After the experiment, we will have a deeper understanding of these three data models.
A premise is that git need to complete the requirements of version control.

At an abstract level, blob、tree and commit are three data models in git.
At an physical level, Blob、tree and commit are a ordinary binary file that saves the content and other information of file or directory. The uniqueness of them lies in the name, they were named by the hash value of the content and other information, which is calld object id of the file.

In order to get a depper understanding of these statements, we need to pay attention to the actual physical file of these models.

When we create a blob for a file, we will find that a new file shows up in the .git/objects. Although we delete the original file, we can use blob to restore it. In other words, the blob save the content of the file.
Creating a tree concludes two parts, the first one is to put some files or directories into staging area, after this operation, we will find a new file named index shows up in the .git. The second one is to create a tree for staging area, we will find a new file shows up in the .git/objects, its format is same as a blob.
When we create a commit for a tree (a commit can only be created for a tree), we will find a new file shows up in the .git/objects

Let us comb the logical relationship of blob、tree and commit.
A blob can save the content of file, but it can't save the filename and catalog relationship. So git introdces the tree, it can save the filename and catalog relationship. But tree can't save other information such as commitor and commit time and we can't understand the meaning of hash value (such who did what), so git introduces the commit, bases on the tree and add other useful information.

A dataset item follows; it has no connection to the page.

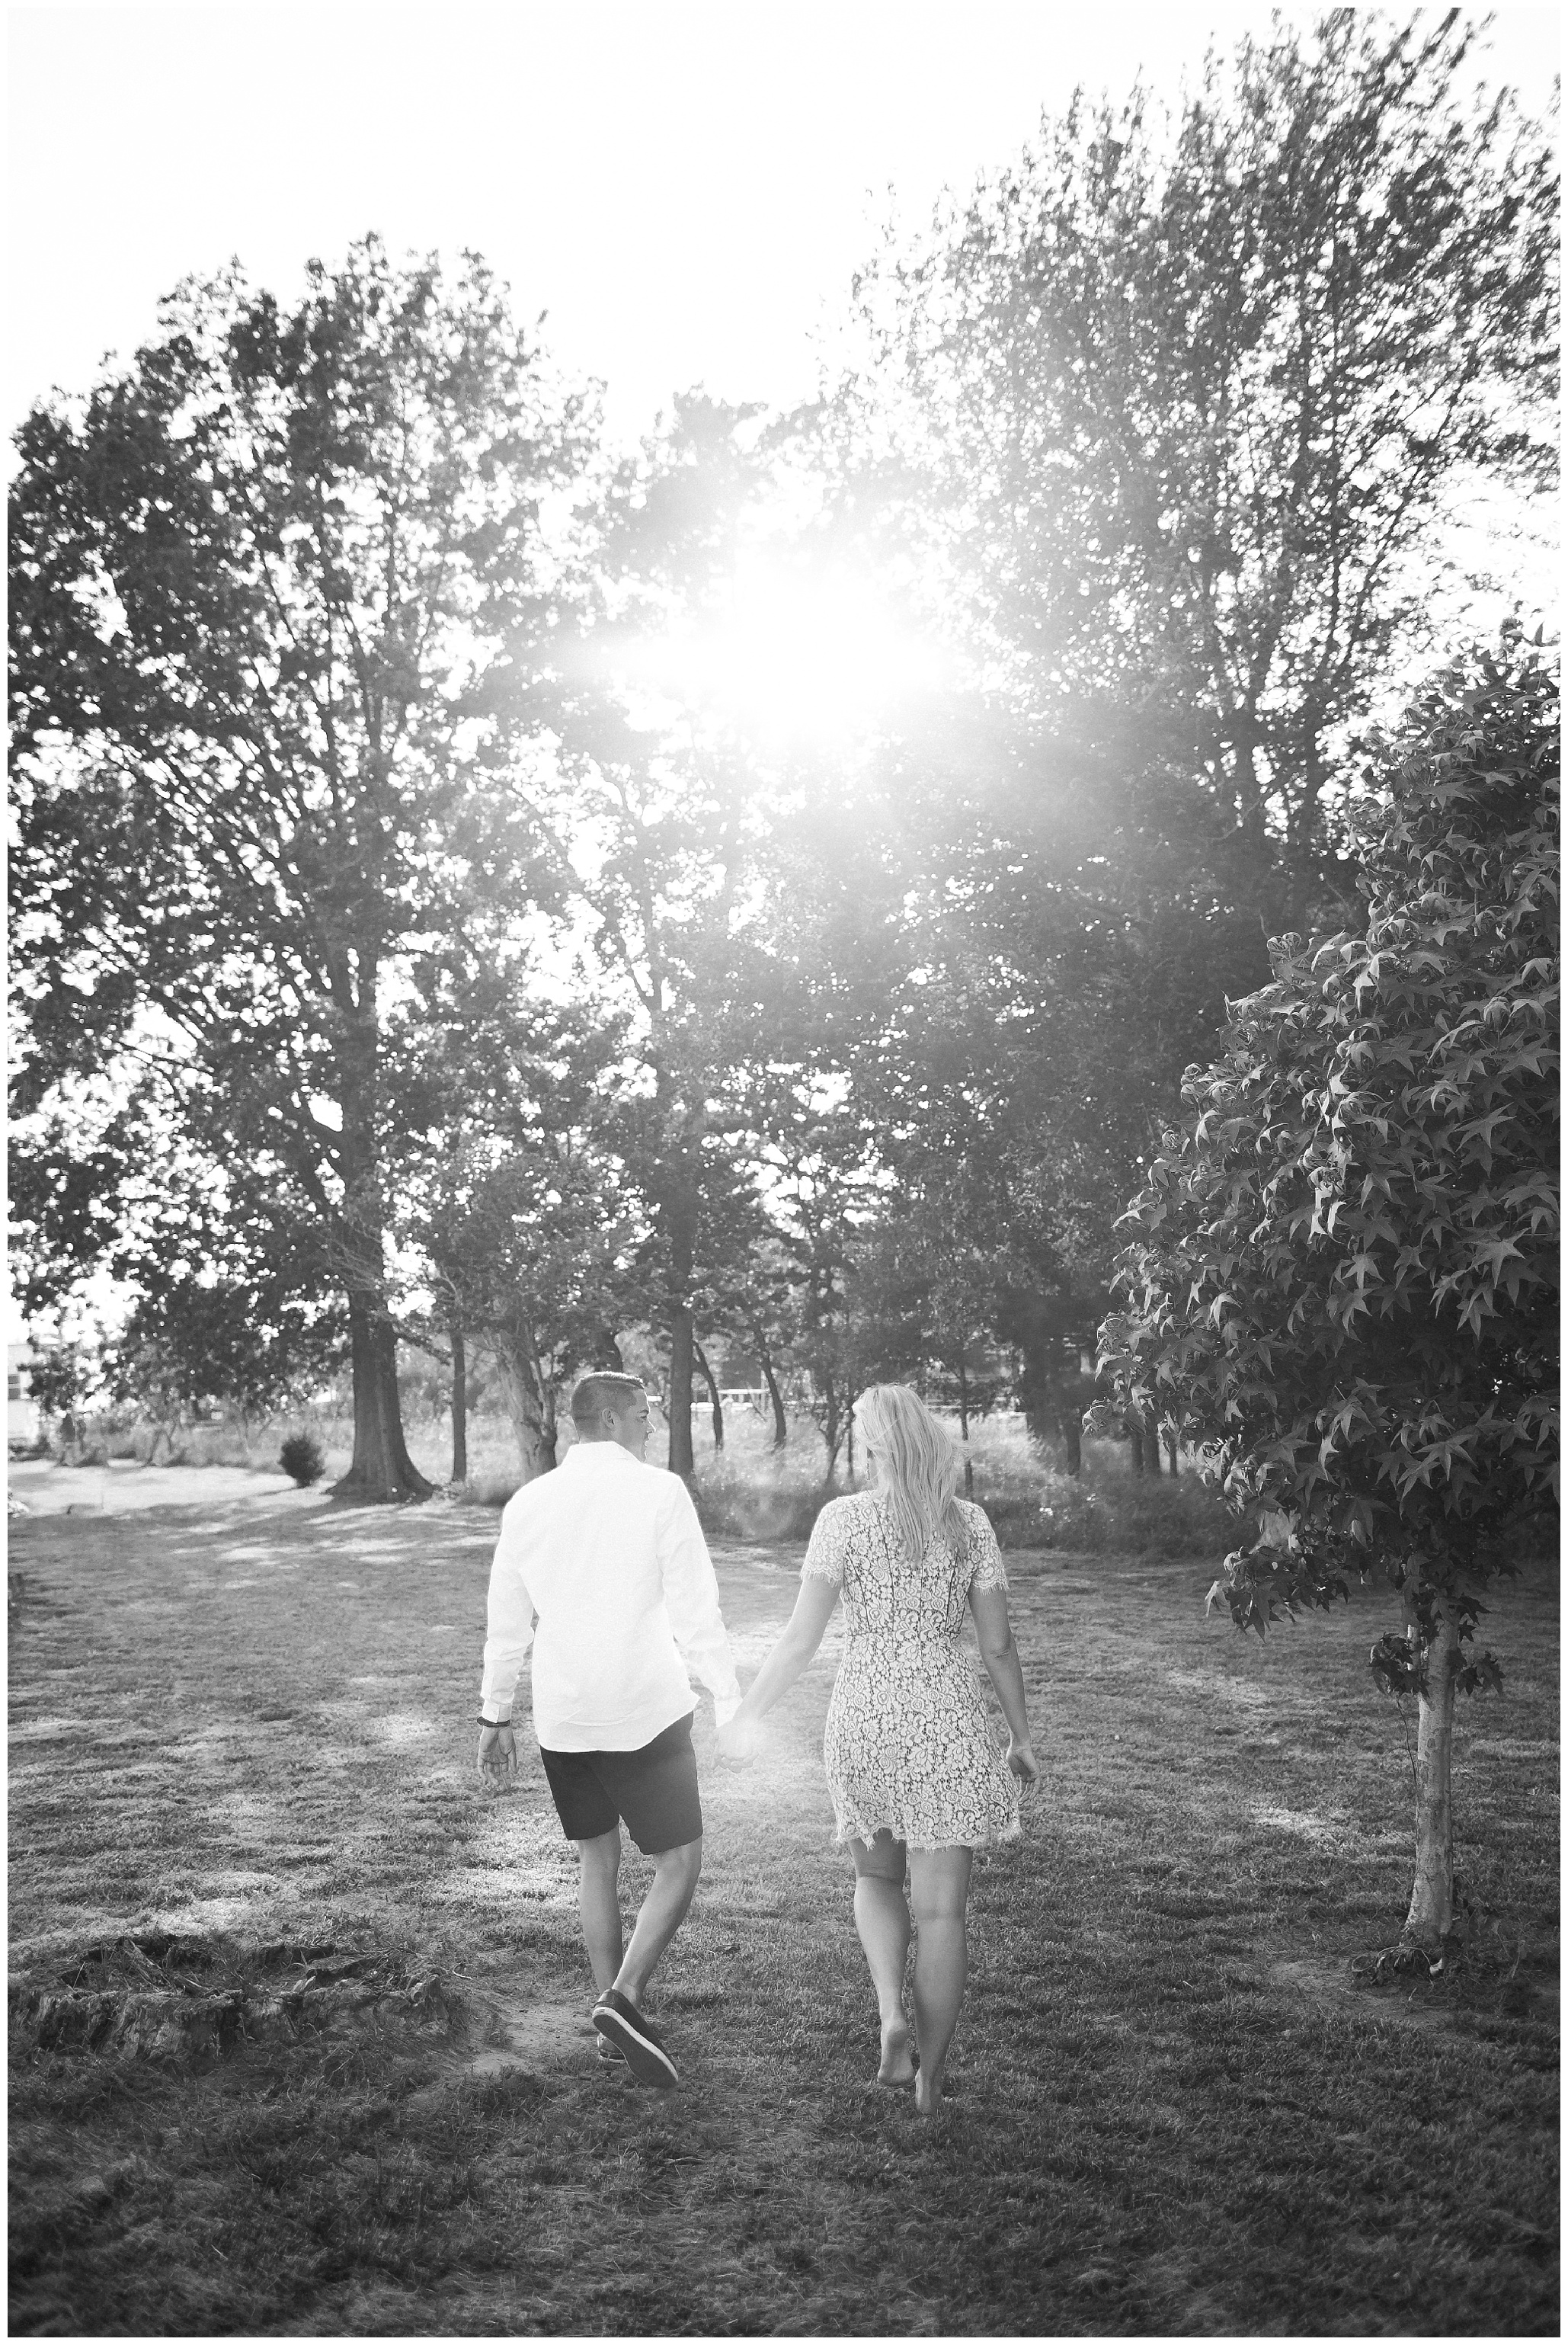 summer engagement photos virginia wedding photographers Luke and Ashley Photography

Secondly, let us see the concept of object in git.

// a object in git may be a blob(file), tree(directory) or commit(or snapshot, a state at a certain moment)
type object = blob | tree | commit

// git maintenances a big dictionary, which uses a string as a key to index an object
objects = map<string, object>

// how does git store an object
def store(object):
    id = sha1(object)
    objects[id] = object

// how does git load an object
def load(id):
    return objects[id]

Although commit have some useful information, which can help people understand these commits, but we can only find a commit by its long and meaningless hash value string now. So git introduces the reference, it contains two parts of file. The first one is the .git/HEAD and the second one is the .git/refs/xxx. Simply speaking, reference is just a short and meaningful string and it refer to a commit. People can use this string to find a commit.

The so-called branch is a synonym for a reference. The difficulty is that top level of operation for branch is different from bottom level of operation. If you don't want to confuse the understand, please remember that a reference is just a pointer, it uses a short string to simplify the long hash value string, although at top level, we always say commit current changes at this branch, a branch (reference) is not a real way.

If you have feeled puzzle about the relationship between different branches, a good way to comb them is that you can ignore the existed branches, what you are facing is only the current working directory. Actually, when we say that create a new branch and git commit at one branch, it means we create a new reference and a commit, then make the reference point to this commit and keep the original reference unchanged.

Thirdly, let us see the concept of reference in git.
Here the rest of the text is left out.